And we’ve seen already streams of people coming back into Syria because those areas have been liberated from regime control, because the one thing that we forget amid policy conversations in the west about how bad the Islamists are or how convenient Bashar al-Assad is, is that over 90 per cent of people who died in that civil war died at the hands of the regime and its backers, including the Russians, who indiscriminately bombed hospitals, schools, villages and are at it again now. When the Russians sent reinforcements over the last two days, they didn’t really do that in a very strategic way or tactical way to repel the advances of the rebels. They mostly bombed civilian targets.

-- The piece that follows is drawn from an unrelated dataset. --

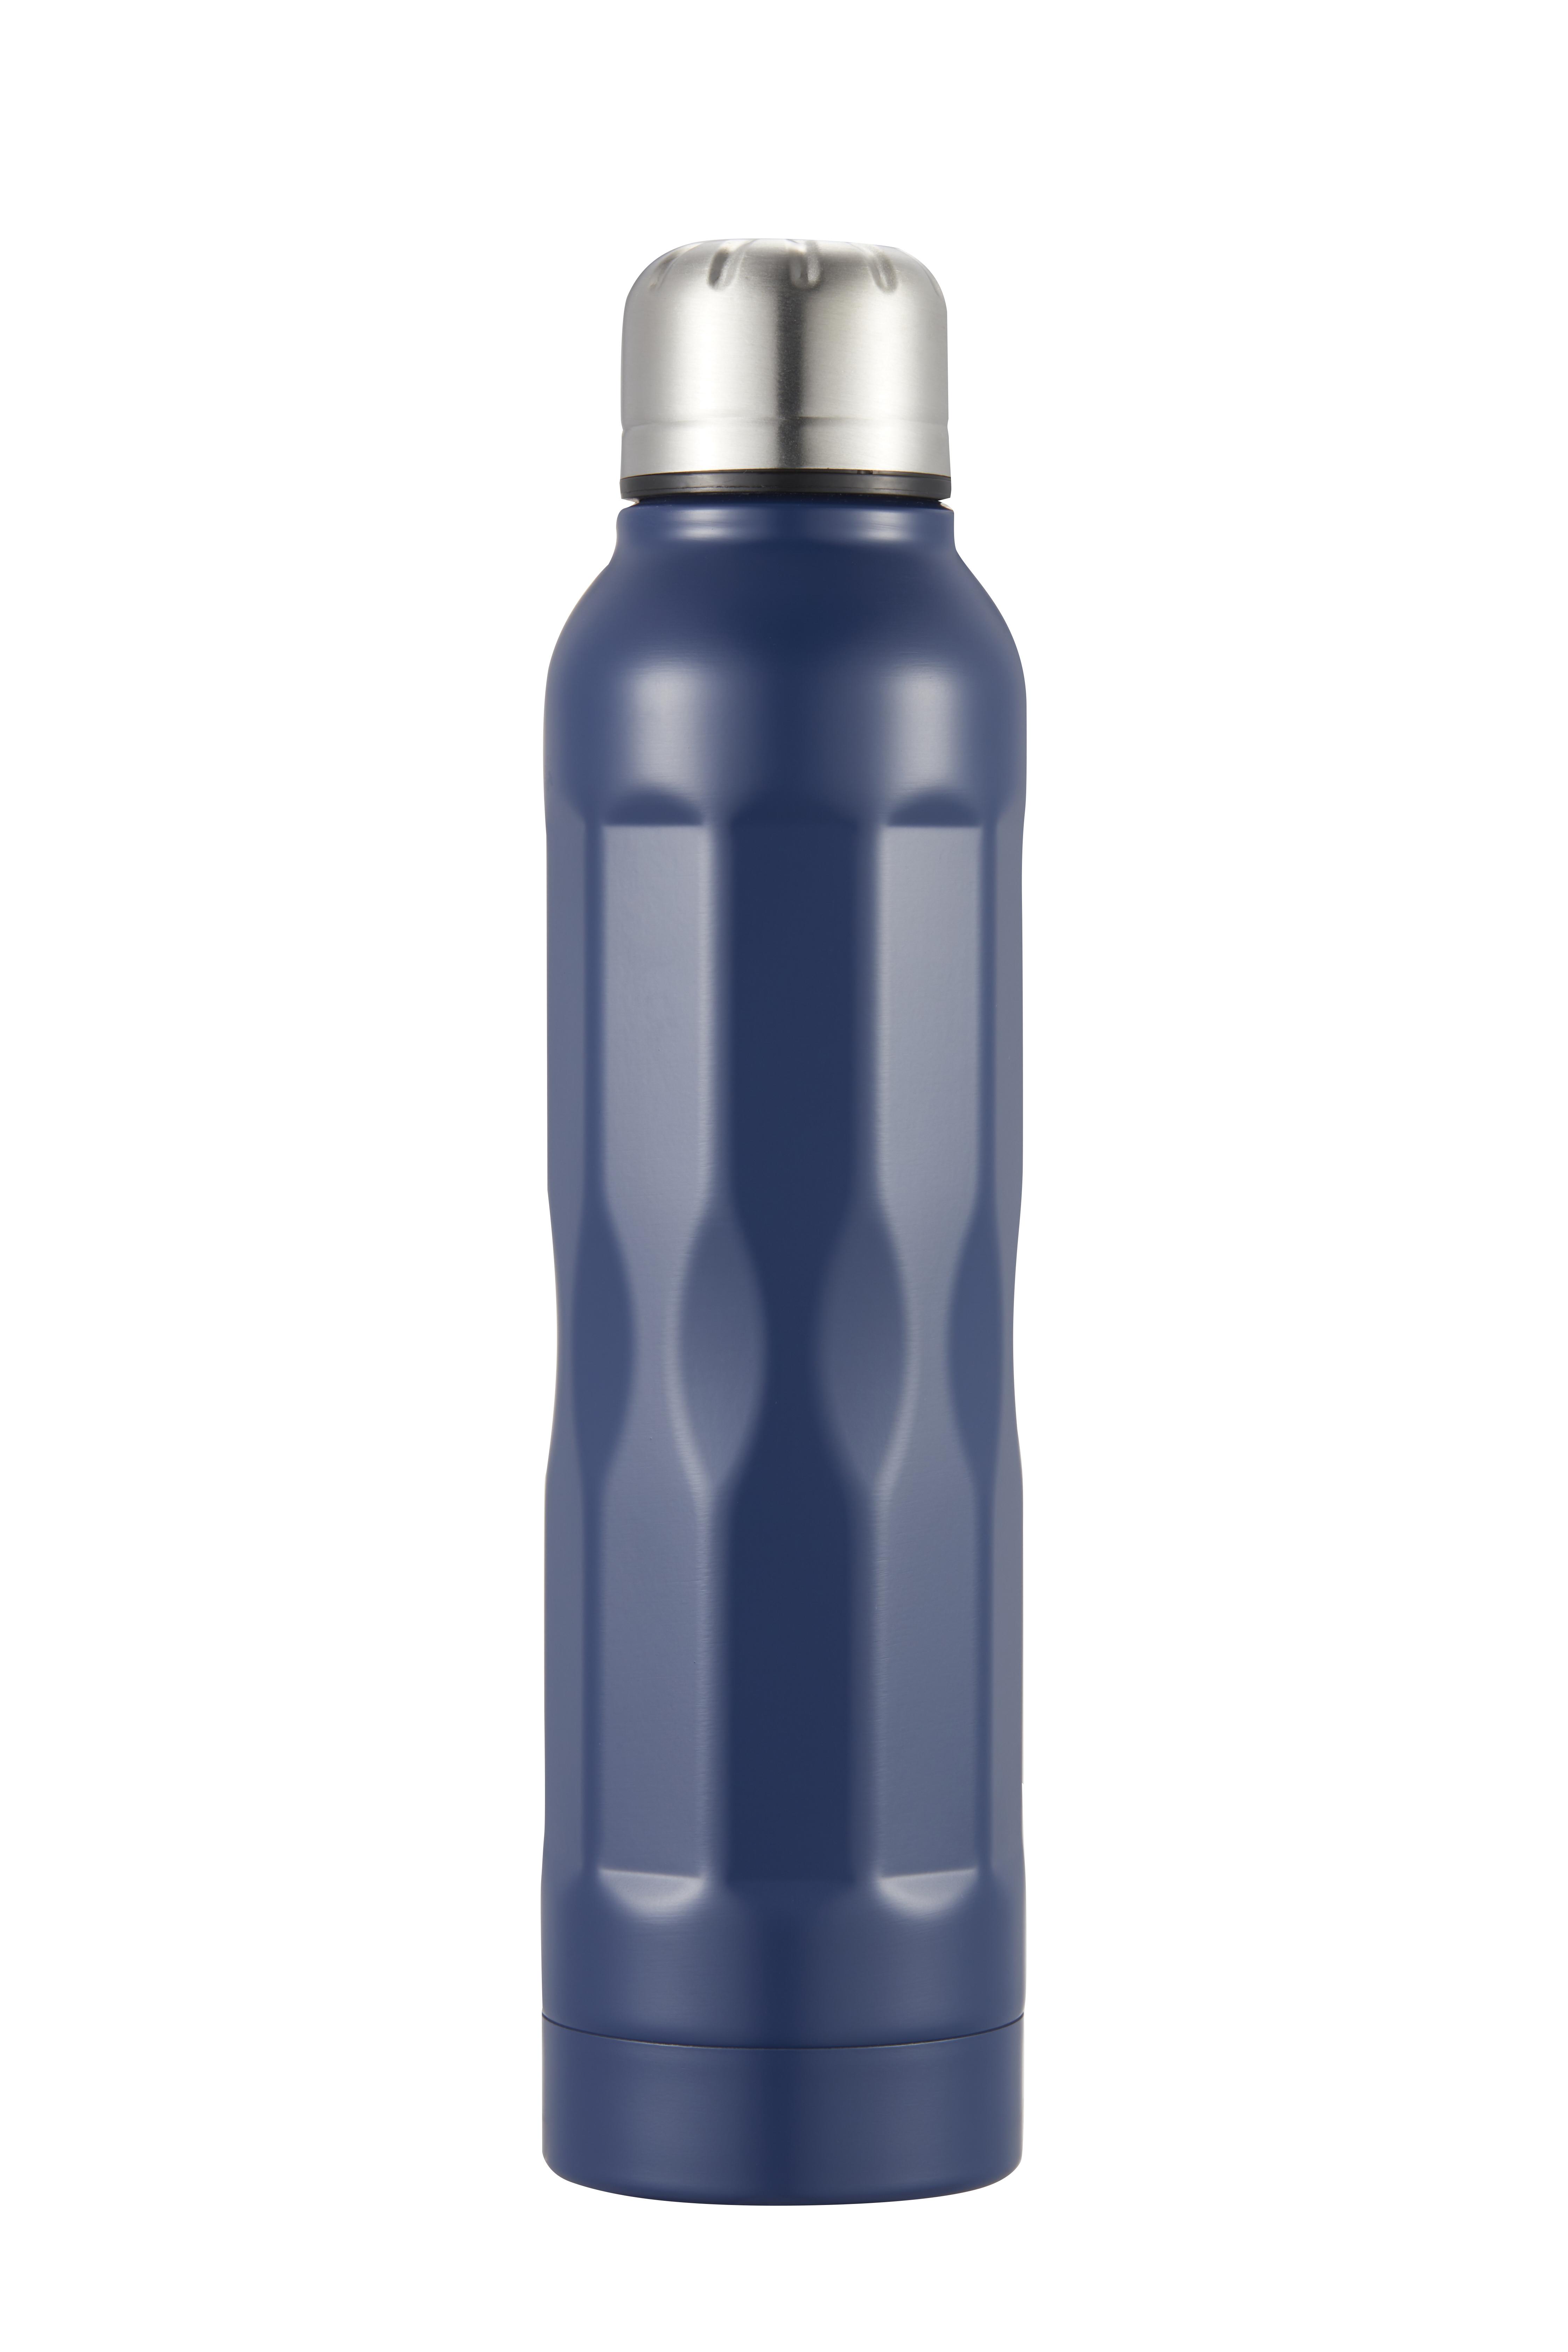 Tia Vakuumflaska mörkgblå rostfritt stål 35 dl

Having said that, you know, HTS are not exactly lovely people. And so it is a little bit a question of being stuck between two bad options. They have moderated over the last few years. They’ve learned some of their lessons. They renounced their ties to al-Qaeda. And it was interesting to see their leader, Abu Mohammed al-Golani, put out statements and messages reassuring Christians, Alawites in Aleppo, that they have nothing to fear and calling on his followers and supporters to make sure that they entered Aleppo and made clear that everybody was welcome and a citizen of Syria and so on. And there have been videos of Christians in Aleppo walking around talking about how they’re about to celebrate a Christian holiday, Saint Barbe, I think it’s called in English, St Barbara, and then Christmas. So there is an effort at least to show a sense of normality. But we’ll have to see how things unfold. War is messy and things could go terribly wrong.
Gideon Rachman
And when we talked about how the Turks have been involved and about the Iranian response and what they still have to offer, the Russians have clearly come back in. Another play, of course, is the Gulf States. And I see the UAE has come out in support of Assad. So what’s going on there?
Kim Ghattas
We have to watch the Gulf very, very closely. Absolutely, the UAE has come out in a statement of support. That doesn’t mean they will do anything militarily per se on the ground, but they have had an effort to normalise with Bashar al-Assad after years of break in diplomatic relations. Similarly for the Saudis, Bashar al-Assad was invited back to the Arab League. He attended a summit in Jeddah, and then a few weeks ago in Riyadh itself, he met with Mohammed bin Salman, the crown prince. So the Gulf is probably also taken aback by this. They were trying to normalise relations with Bashar al-Assad. So they’re watching very closely. And we’ll have to see which way they are going to land on this. The UAE probably doesn’t want to see the fall of Bashar al-Assad. I suspect it’s possible that many in Saudi do, but they’ll have to weigh the importance of the different fronts that they are leading.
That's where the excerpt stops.